Eifman calls Anna Karenina the “the world’s first representation of psychoanalysis in the cultural realm.” He depicts the heroine’s final demise on the train tracks with finesse, reimagining the train as a barreling set of dancers.
The Eifman Ballet has an ardent fan base both at home and abroad; last year the troupe toured the U.S. and Canada, and the upcoming shows mark its fourth visit to London. Not all foreign critics are taken with Eifman’s expressive style, however, with the Guardian’s Judith Mackrell calling Anna Karenina a “desperate, overblown cliché” during a London stop two years ago.

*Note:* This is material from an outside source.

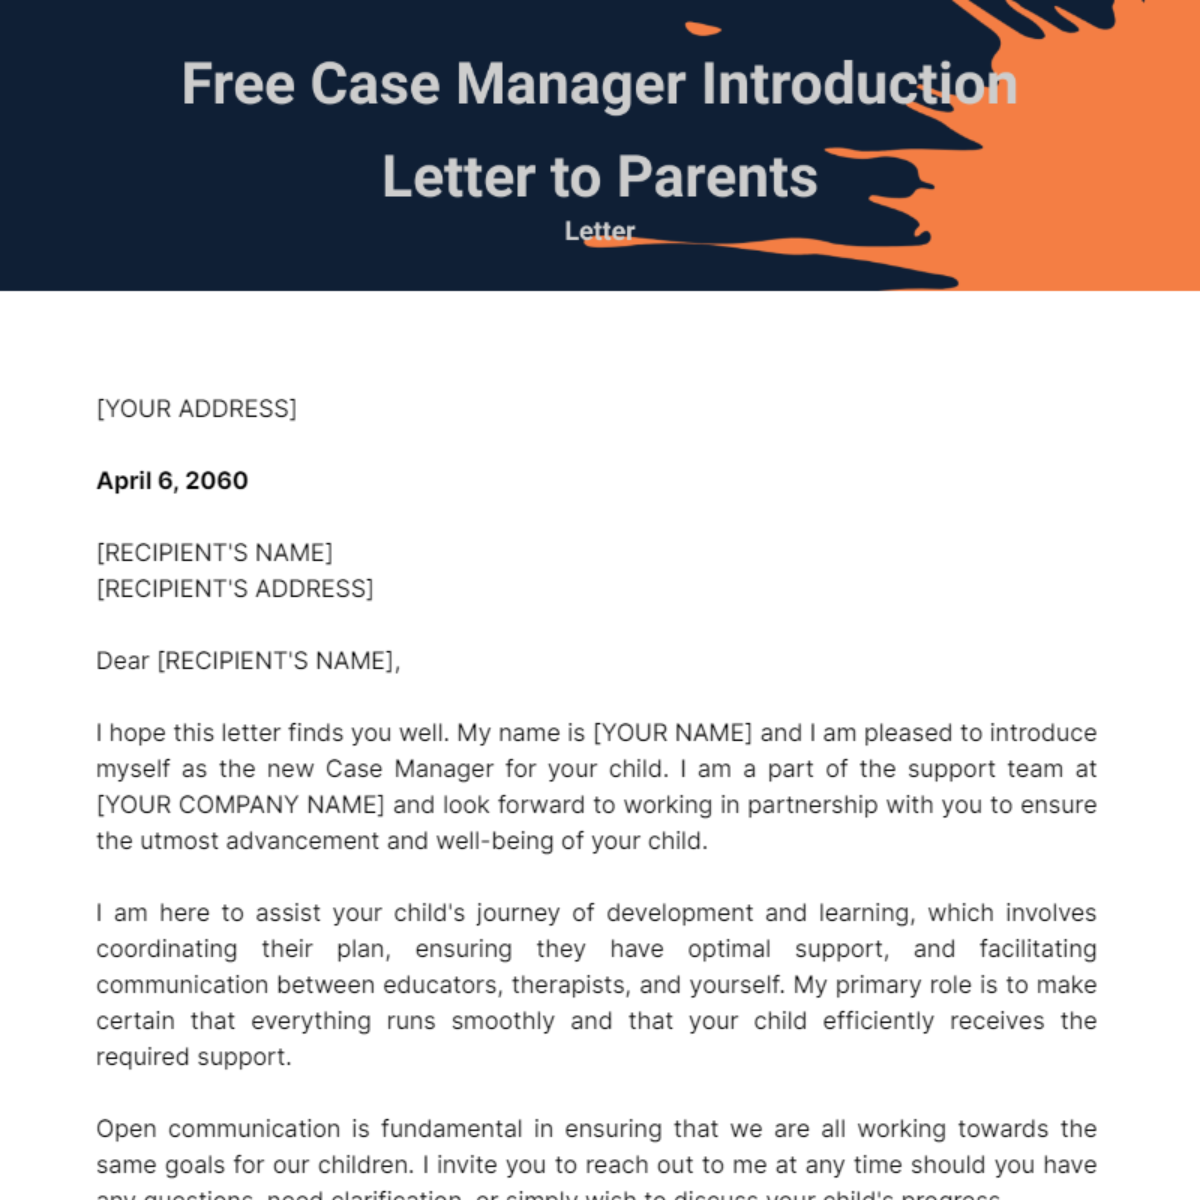 Case Manager Introduction Letter to Parents Template

Willis, who studied ballet in the Soviet Union
from 1976 to 1981, takes issue with her colleagues’ selective condemnation. “Their attitude always surprises me, as they enjoy ballets
by [Kenneth] MacMillan and today’s abstract works by Wayne McGregor, who also
knows how to push the body to extremes — but without, to me, any specific
reason,” she says.
The Eifman Ballet’s wild energy is precisely what draws crowds to performances at its home base, the Alexandrinsky Theater in St. Petersburg. Today, younger Russian troupes such as Chelyabinsk’s Liquid Theater have emerged to champion plot-driven modern dance in a country still heavily dedicated to the classical repertoire. But most of the public continues to know only tradition-bound big names, such as the Bolshoi and the Mariinsky Theater.
Though some may chafe at its melodrama, the Eifman Ballet offers audiences a spirited alternative vision of what Russian dance can be.
“Seeing our ballets is like going to the cinema,” Andreyeva says. “You experience the story through the characters.”